Article Text

Download PDFPDF

Systematic reviews of diagnostic test evaluations: what’s behind the scenes?
  1. Madhukar Pai, MD,
  2. Michael McCulloch, LAc, MPH,
  3. Wayne Enanoria, MPH,
  4. John M Colford, Jr, MD, PhD
  1. Berkeley Systematic Reviews Group
 University of California, Berkeley
 Berkeley, California, USA

    Statistics from

    Request Permissions

    If you wish to reuse any or all of this article please use the link below which will take you to the Copyright Clearance Center’s RightsLink service. You will be able to get a quick price and instant permission to reuse the content in many different ways.


    As readers of Evidence-Based Medicine, you are aware that systematic reviews are considered the best source of evidence for evidence-based clinical practice. Systematic reviews synthesise data from existing primary research and bring some order and sanity to the otherwise stressful process of sorting out a plethora of studies and staying up to date. However, since not all reviews are created equal, it is important to be able to critically assess their quality. In this editorial, we take you behind the scenes of a systematic review, using diagnostic test accuracy as an illustration. A clear understanding of the process will, hopefully, guide what you look for in a review.

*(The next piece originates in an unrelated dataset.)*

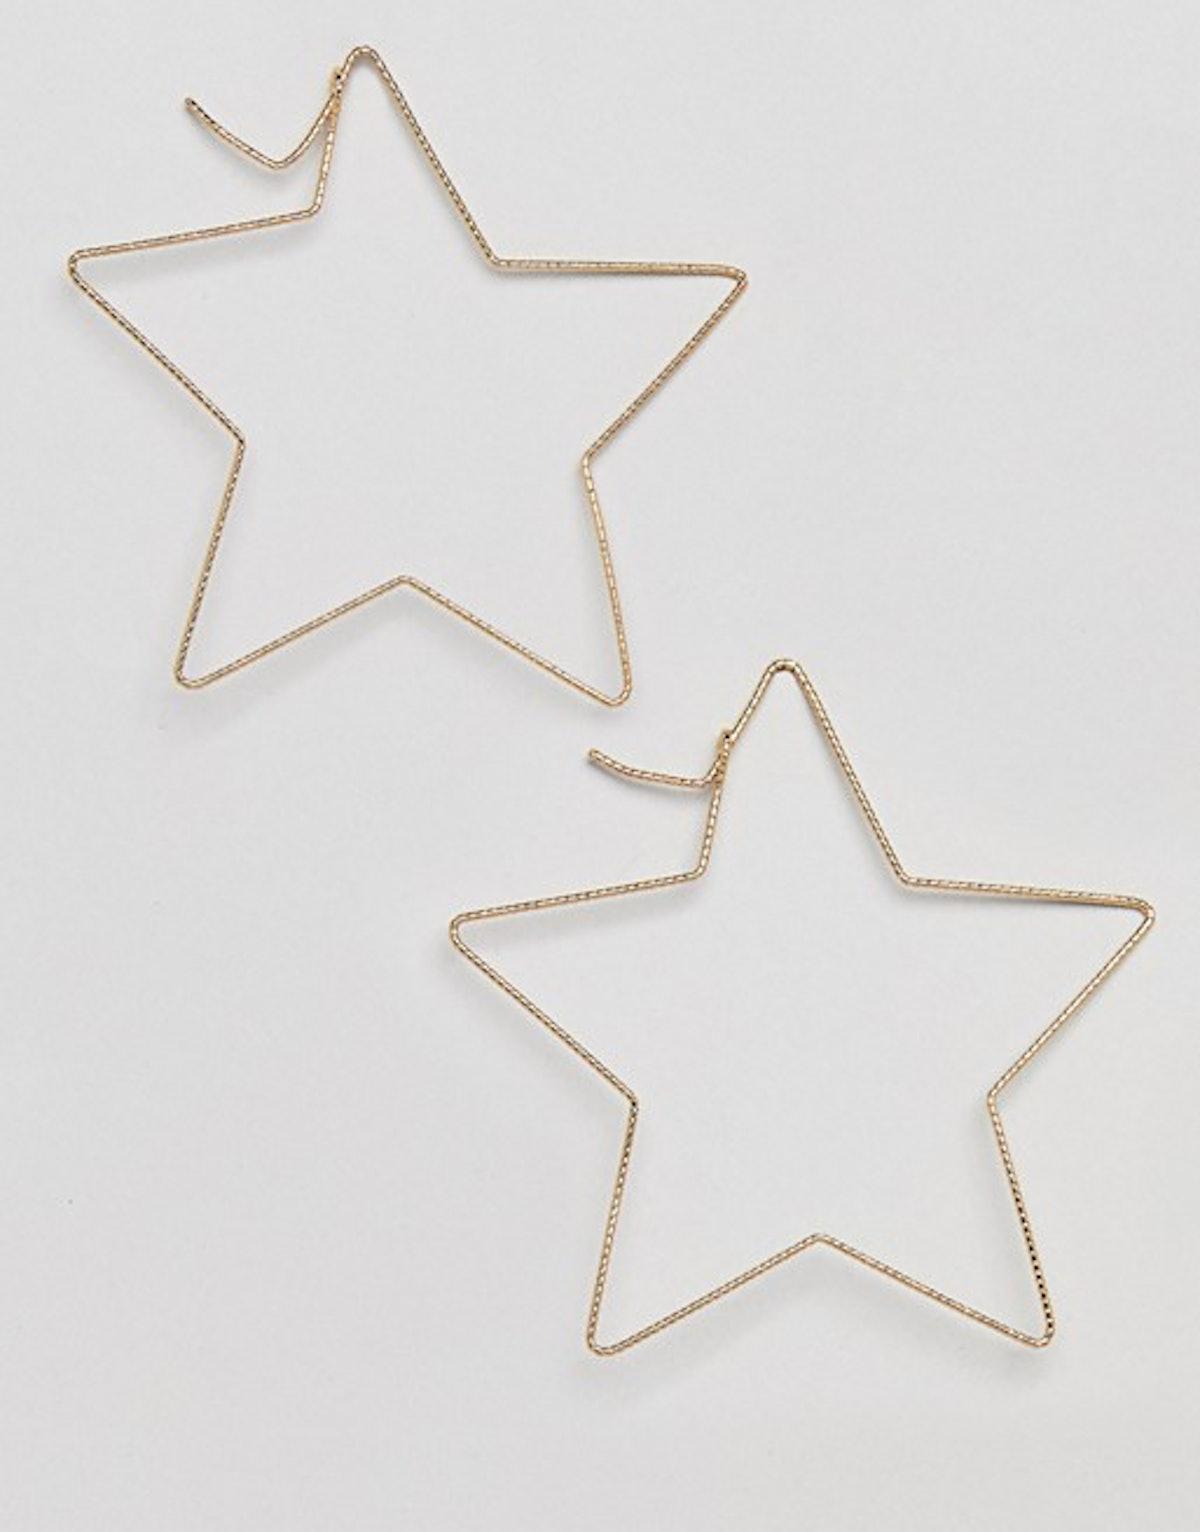 Liars & Lovers Oversized Diamond Cut Star Hoop Earrings
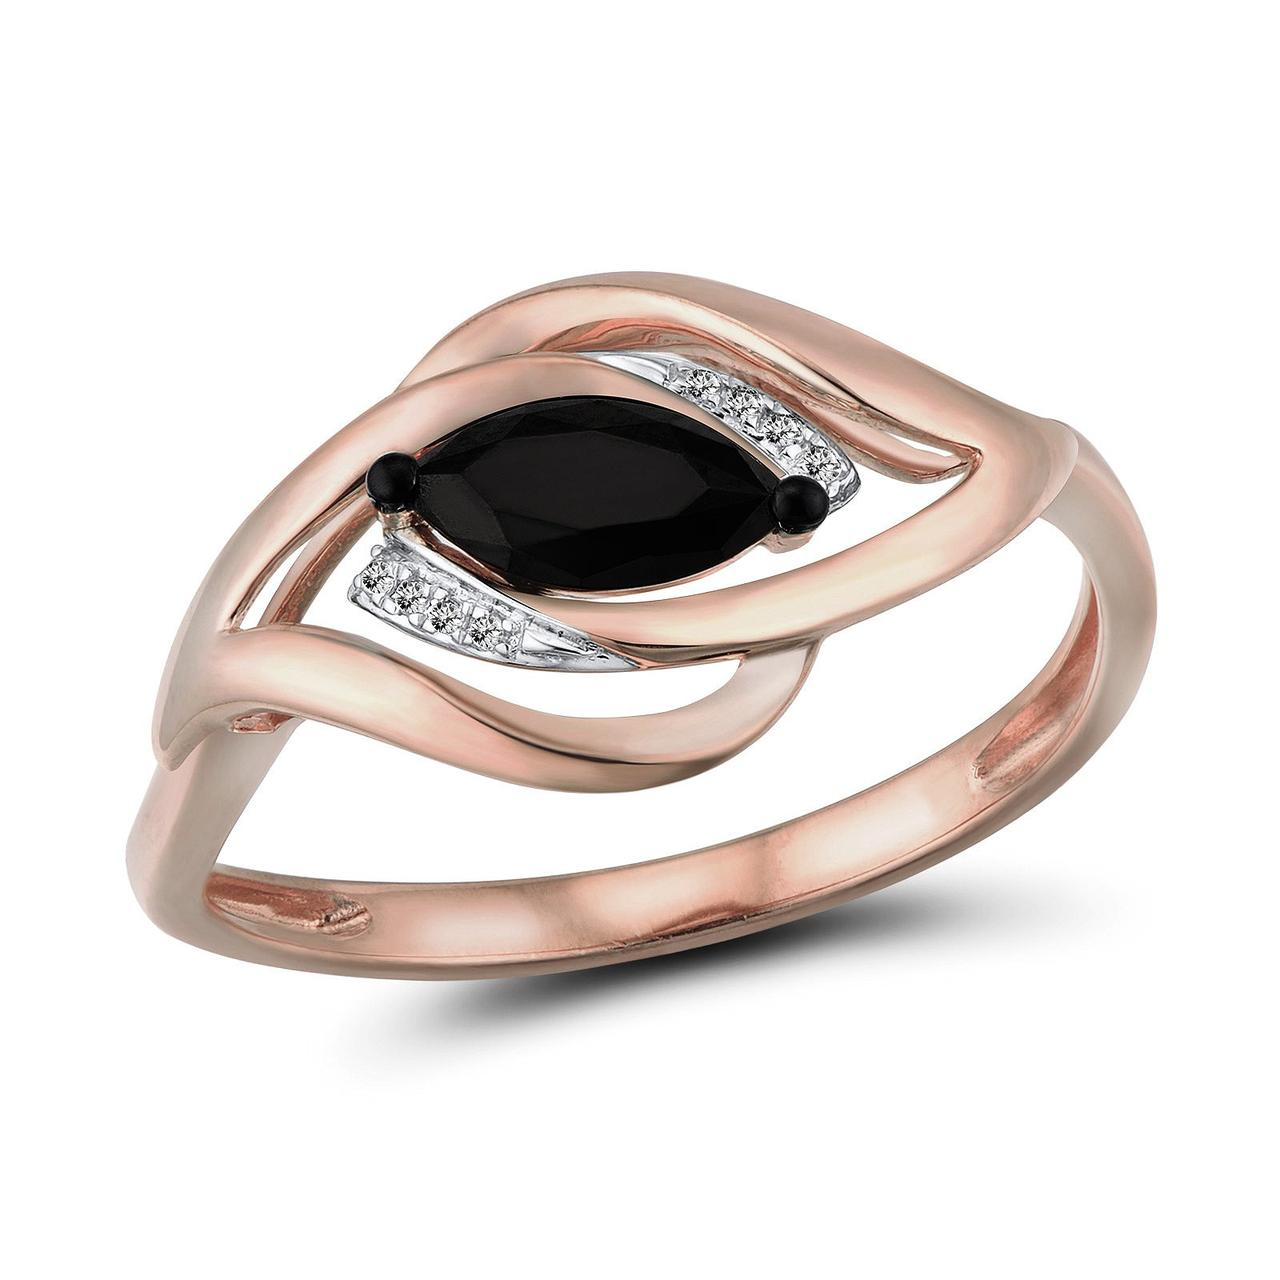 Золотое кольцо с бриллиантами и сапфиром, размер 15.5 (1692559)

Furthermore, if you can’t find an existing diagnostic review and decide to do one yourself, we provide you with a “road map” (figure) for navigation.

    Se  =  sensitivity; Sp  =  specificity; LR  =  likelihood ratios; DOR  =  diagnostic odds ratios; ROC  =  receiver operating characteristic; SROC  =  summary receiver operating characteristic; TP  =  true positives; FP  =  false positives; TN  =  true negatives; FN  =  false negatives; TPR  =  true positive rate; FPR  =  false positive rate. Superscripts indicate reference numbers.


    Systematic reviews are done on a range of clinical questions, such as therapy, diagnosis, prognosis, aetiology, harm, and disease prevalence. All systematic reviews follow the same critical steps:

    1. Formulation of the review question

    2. A comprehensive, systematic search and selection of primary studies

    3. Critical appraisal of included studies for quality and data extraction

    4. Synthesis and summary of study results

    5. Interpretation of the results

    These steps resemble those of the evidence-based medicine (EBM) process, but are more thorough. In the EBM process, our objective is to quickly hunt down a valid source of evidence (eg, a high quality systematic review) on a focused clinical question and get to the bottom line (clinically meaningful results) within minutes. In contrast, the systematic review involves doing a comprehensive search for all published and unpublished primary studies on a focused question, critical appraisal of the relevant studies, and synthesis of these studies to generate evidence for clinical practice. This process typically takes months, not minutes.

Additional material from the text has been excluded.